Аристотель был эллином до мозга костей, стагирское происхождение значения не имело (или это правило, что люди со стороны оказываются ортодоксальнее самого папы Римского). Он был эллином больше, глубже, убеждённее, чем любой афинянин, предки которого несколько поколений жили в Афинах, в этом культурном центре Эллады. Он был уверен, ни один из варваров никогда не сможет стать эллином, эллину не подобает походить на варвара. Любой из греческих полисов, выше любого варварского государства, которое невозможно представить без насилия. Варварам отводилась роль рабов в новых греческих полисах, поскольку и по рождения, и по воспитанию, им было недоступно аретэ, а следовательно, недоступна подлинная добродетель. Конечно, и эллины отличаются между собой, приходиться отсечь от аретэ значительную часть населения греческих полисов: демократия предоставила им права, но не сделала «избранными». Самый эллинизированный из эллинов, великий рационалист Аристотель, оказывается ещё более непреклонным и твёрдолобым, чем его учитель, идеалист и утопист Платон.
Самого Александра, может быть из-за его македонского происхождения, Аристотель сначала воспринимал как «одичавшего грека». Александр оказался чрезвычайно восприимчивым его учеником, во-многом, он стал подлинным эллином, он научился не только действовать, но и размышлять, не только наблюдать мир вокруг, но и наблюдать самого себя. Он не всегда справлялся со своими страстями, со своей безудержностью и неистовством, он мог совершить безумные (бездумные) поступки, в гневе мог убить самого преданного друга, потом об этом и других своих безумных (бездумных) поступках, он сожалел, сожалел до такой степени отчаяния, что на много дней прятался от всех в тоске и гневе, не мог никого не видеть, не слышать, но, разум, мысль, даже трезвый расчёт, к нему, рано или поздно, возвращались. Он продолжал действовать с той же решительностью и осмысленностью.

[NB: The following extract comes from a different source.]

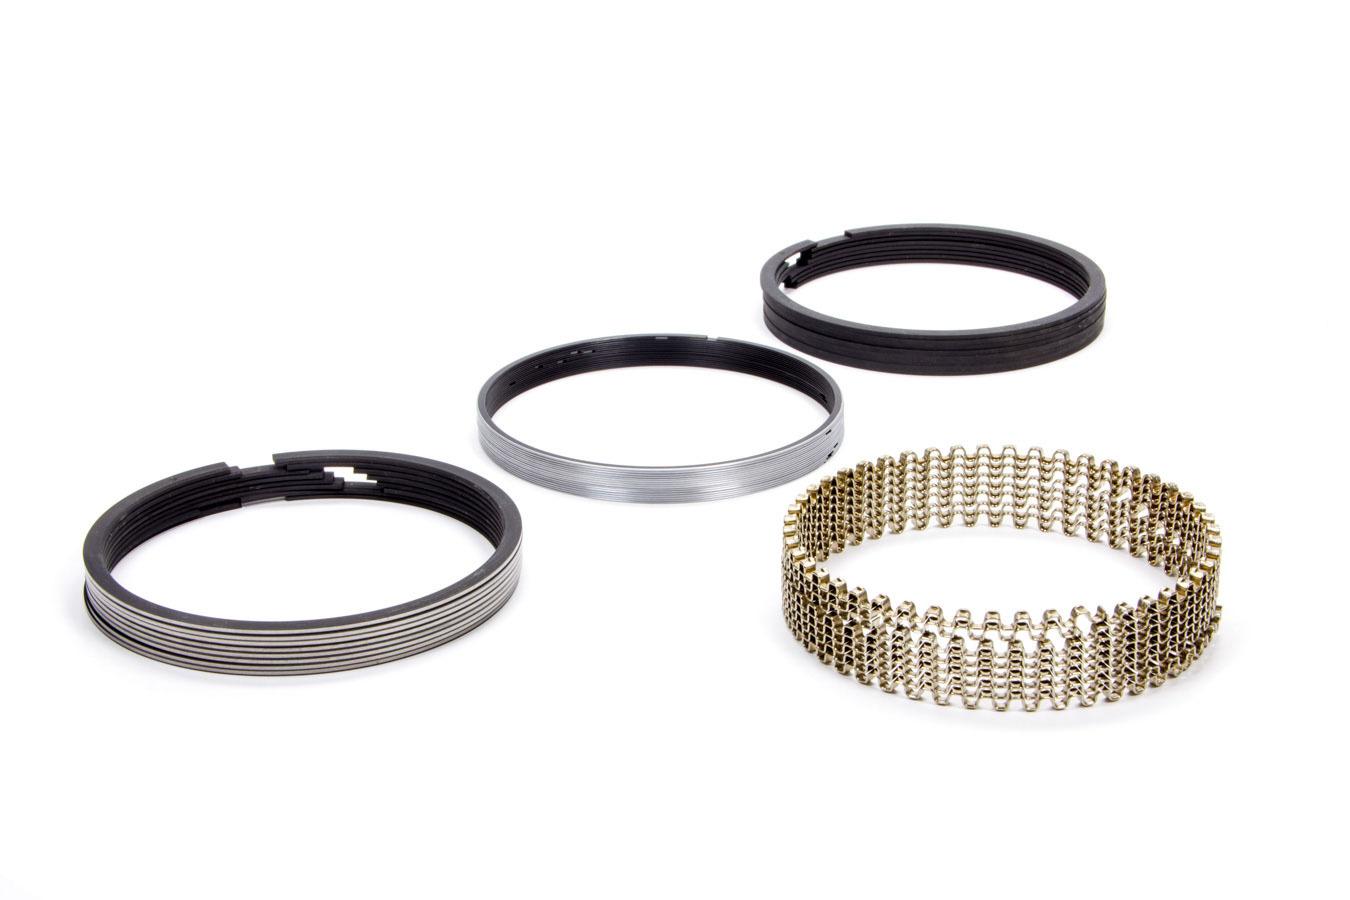 Piston Ring Set 4.165 1/16 1/16 3/16

Под влиянием идей Аристотеля, Александр приходит к мысли, что должен принести невиданную славу эллинскому миру, варварский мир должен подчиниться не эллинскому мечу, а эллинской культуре. Но он был слишком умён и слишком свободен от любого диктата, он не мог принять идеи Аристотеля на веру, не подвергая их испытанию собственным опытом, собственным пониманием мира вокруг и самого себя в этом мире.
В какой-то момент – скорее всего это началось уже в Миезе, а развилось позже – он стал превосходить своего учителя в понимании культурной человеческой ойкумены как сугубо эллинской. То ли изнутри, в самом эллинстве, он обнаружил пределы, которые неизбежны в любой культуре, на какую бы универсальность она не претендовала. То ли варварство (Македония? Олимпиада? что-то иное?) взорвалось изнутри, и опрокинуло эллинскую благопристойность.
Аристотель задвигал эллинство внутрь, обрекая его на почти сектантскую изолированность. Александр стал продвигать его за пределы греческого мира, надеясь, что и другие народы, с энтузиазмом воспримут эллинский опыт жизни.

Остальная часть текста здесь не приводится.